━━━━━ DATA SECTION ━━━━━

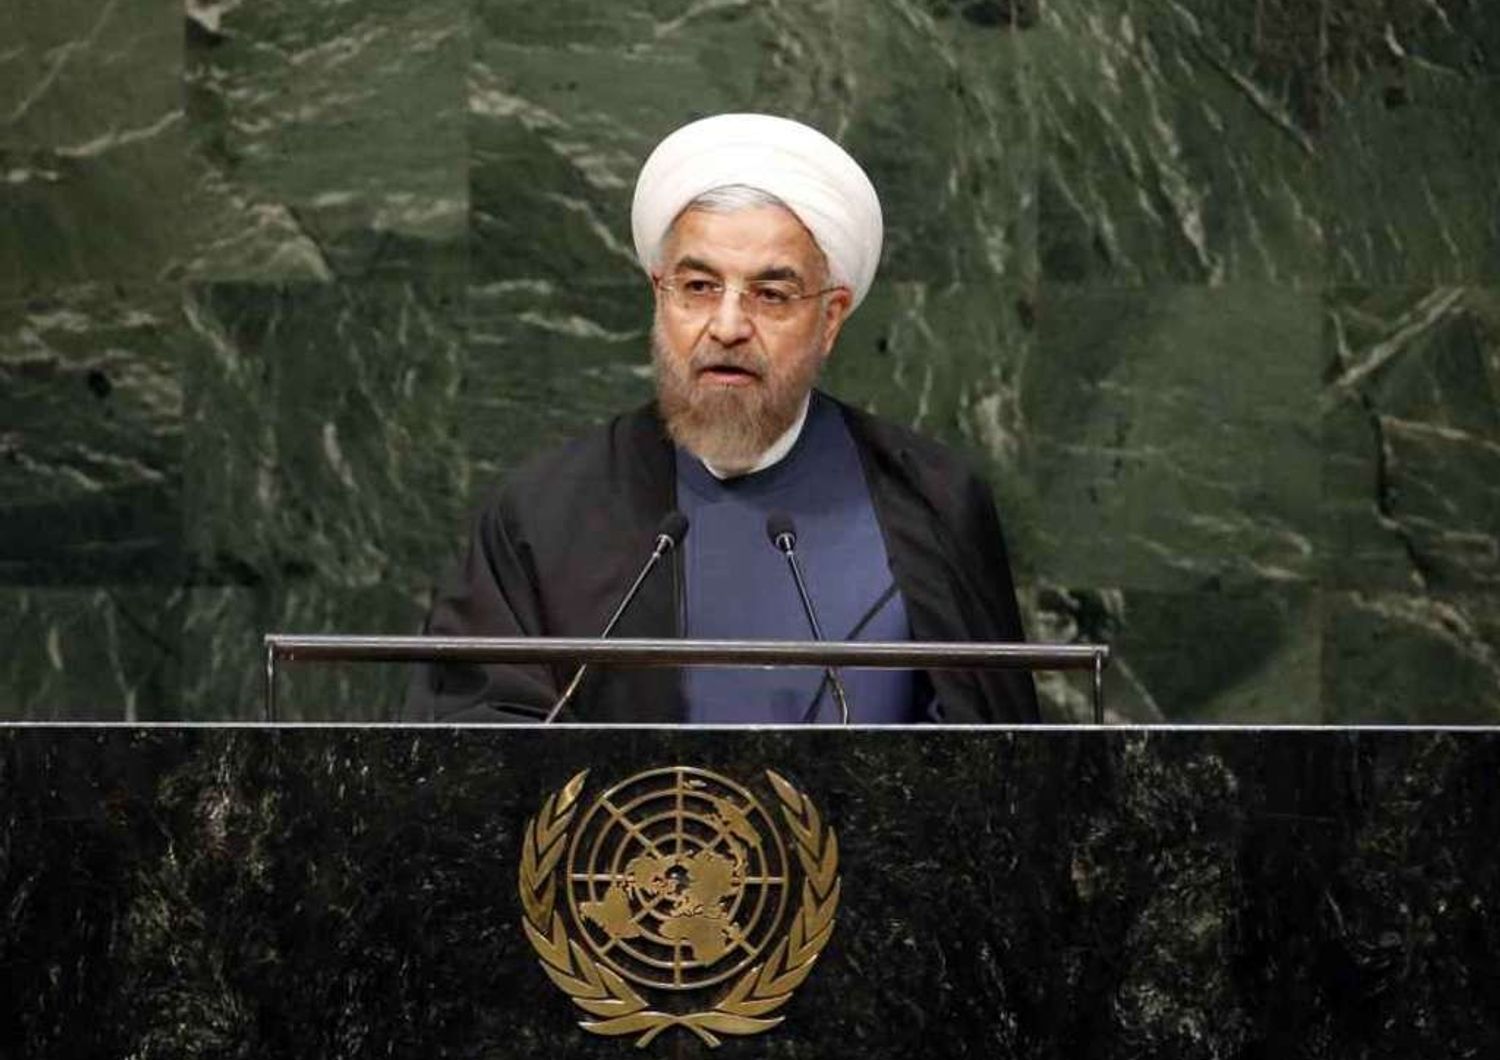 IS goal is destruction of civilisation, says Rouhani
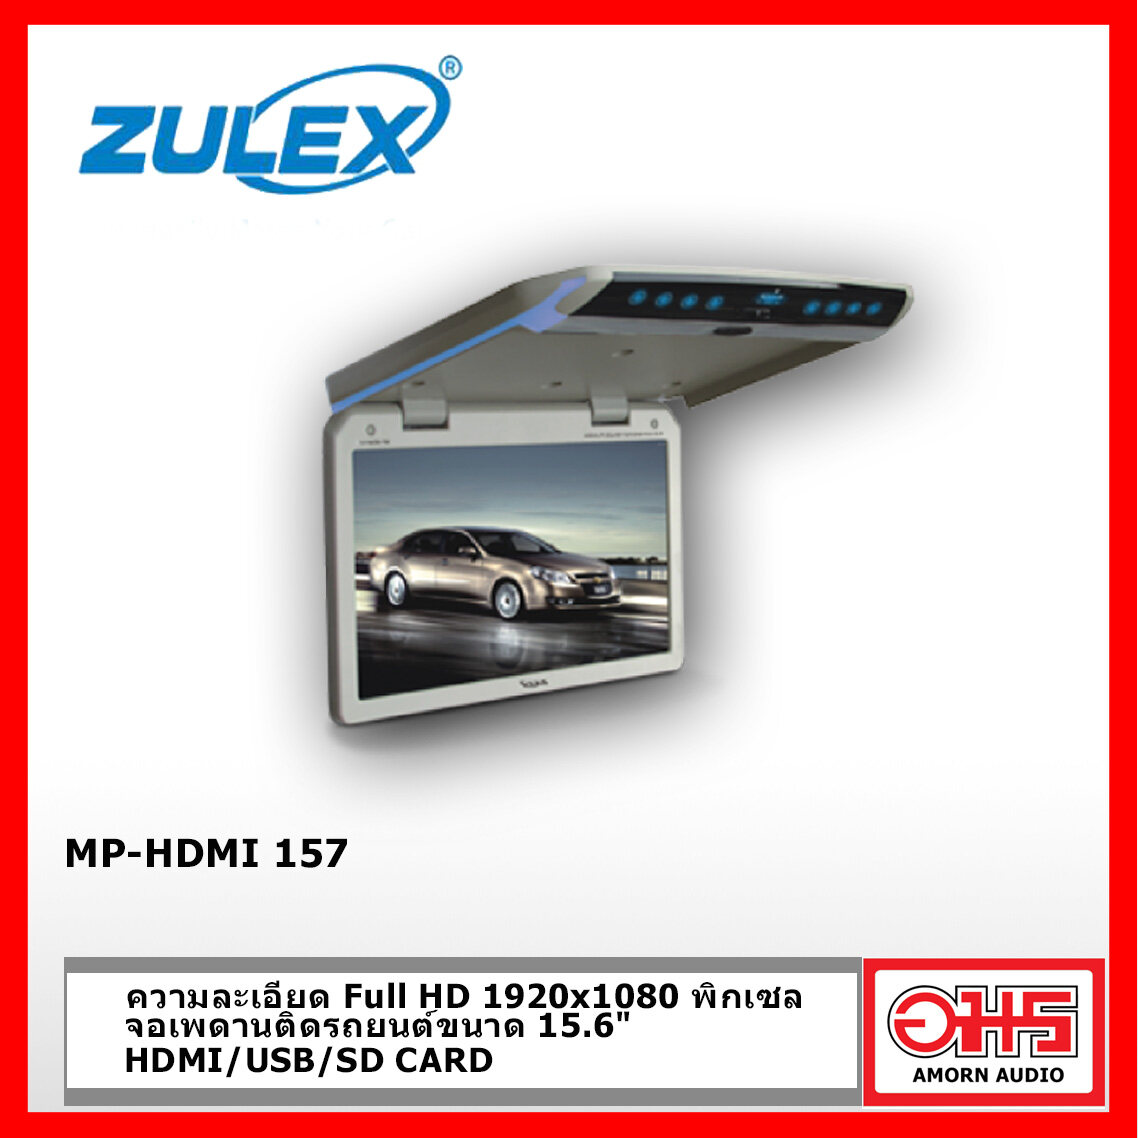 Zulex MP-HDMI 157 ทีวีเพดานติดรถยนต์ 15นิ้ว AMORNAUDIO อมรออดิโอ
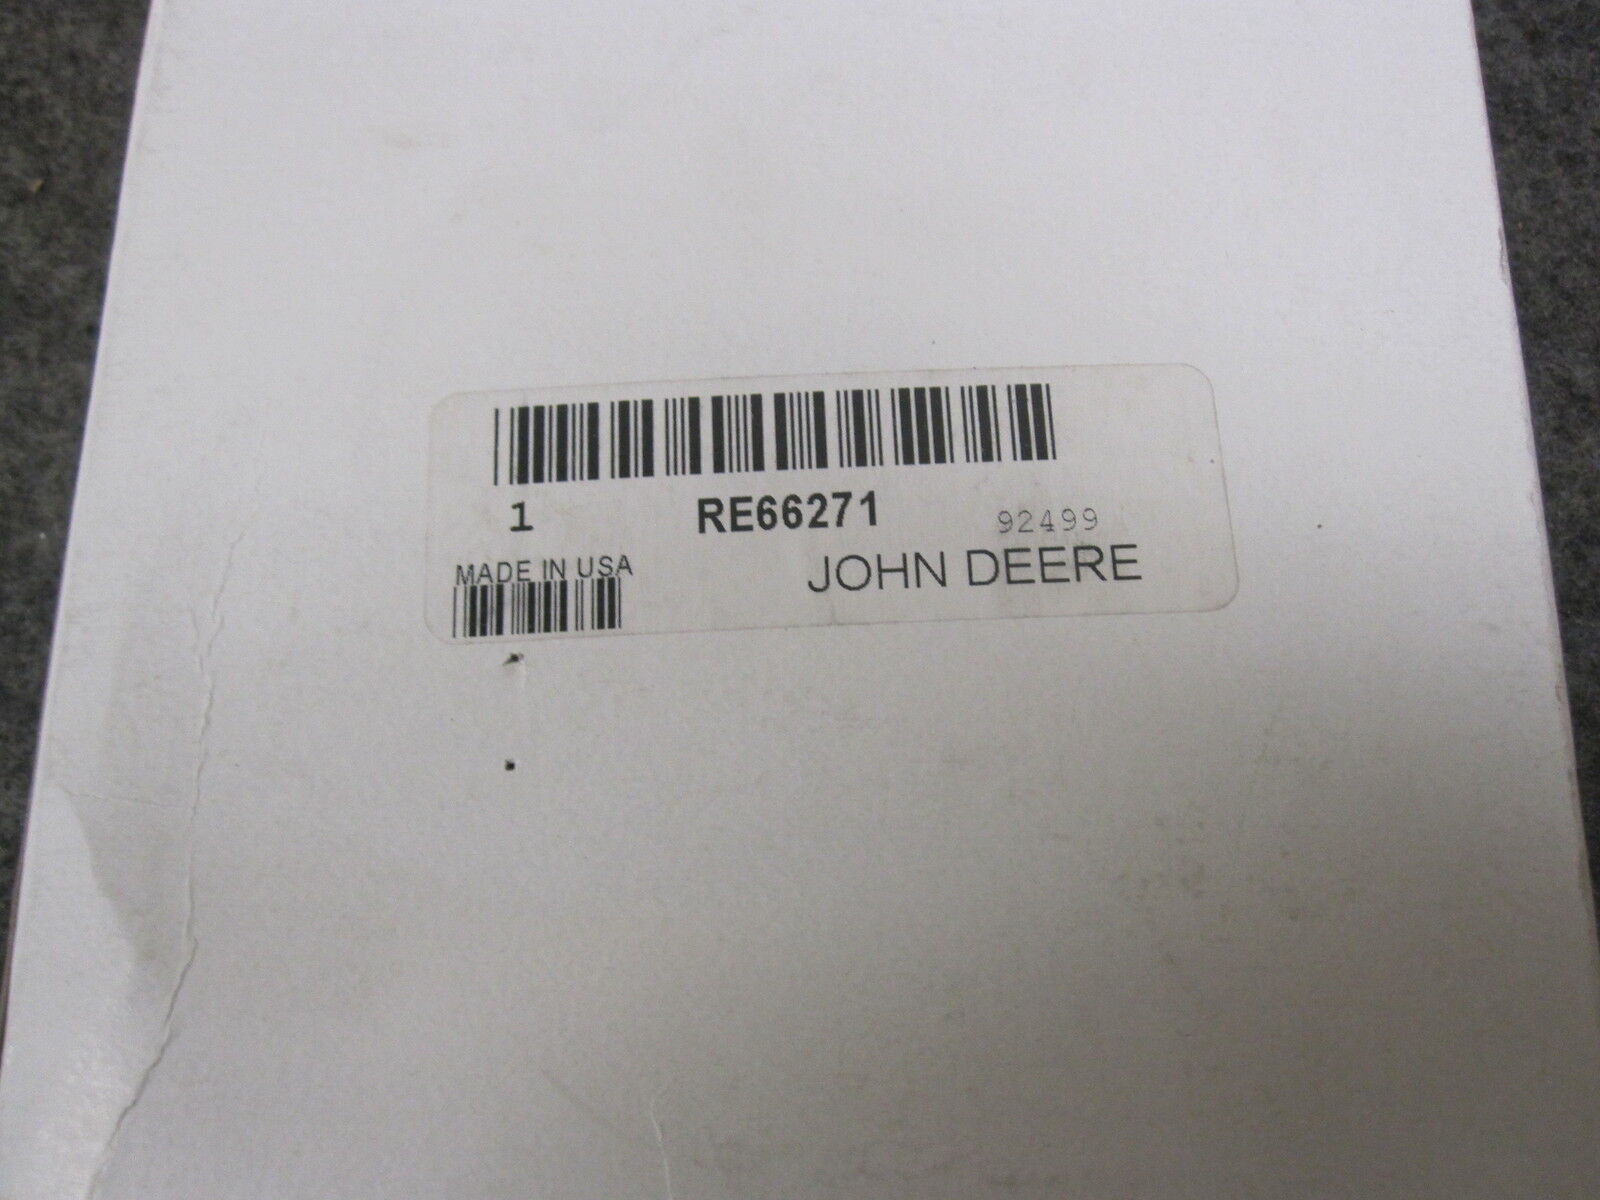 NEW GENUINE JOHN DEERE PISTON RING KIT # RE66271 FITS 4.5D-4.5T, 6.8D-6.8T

━━━━━

▶ **HOW TO COMPLETE THIS TASK**:
From the line containing "Zulex MP-HDMI 157" down to the final line of the listing above, write out only those lines exactly as they are, minus the pictures.

▶ **SOLUTION FOR THIS PROBLEM**:
 Zulex MP-HDMI 157 ทีวีเพดานติดรถยนต์ 15นิ้ว AMORNAUDIO อมรออดิโอ
 NEW GENUINE JOHN DEERE PISTON RING KIT # RE66271 FITS 4.5D-4.5T, 6.8D-6.8T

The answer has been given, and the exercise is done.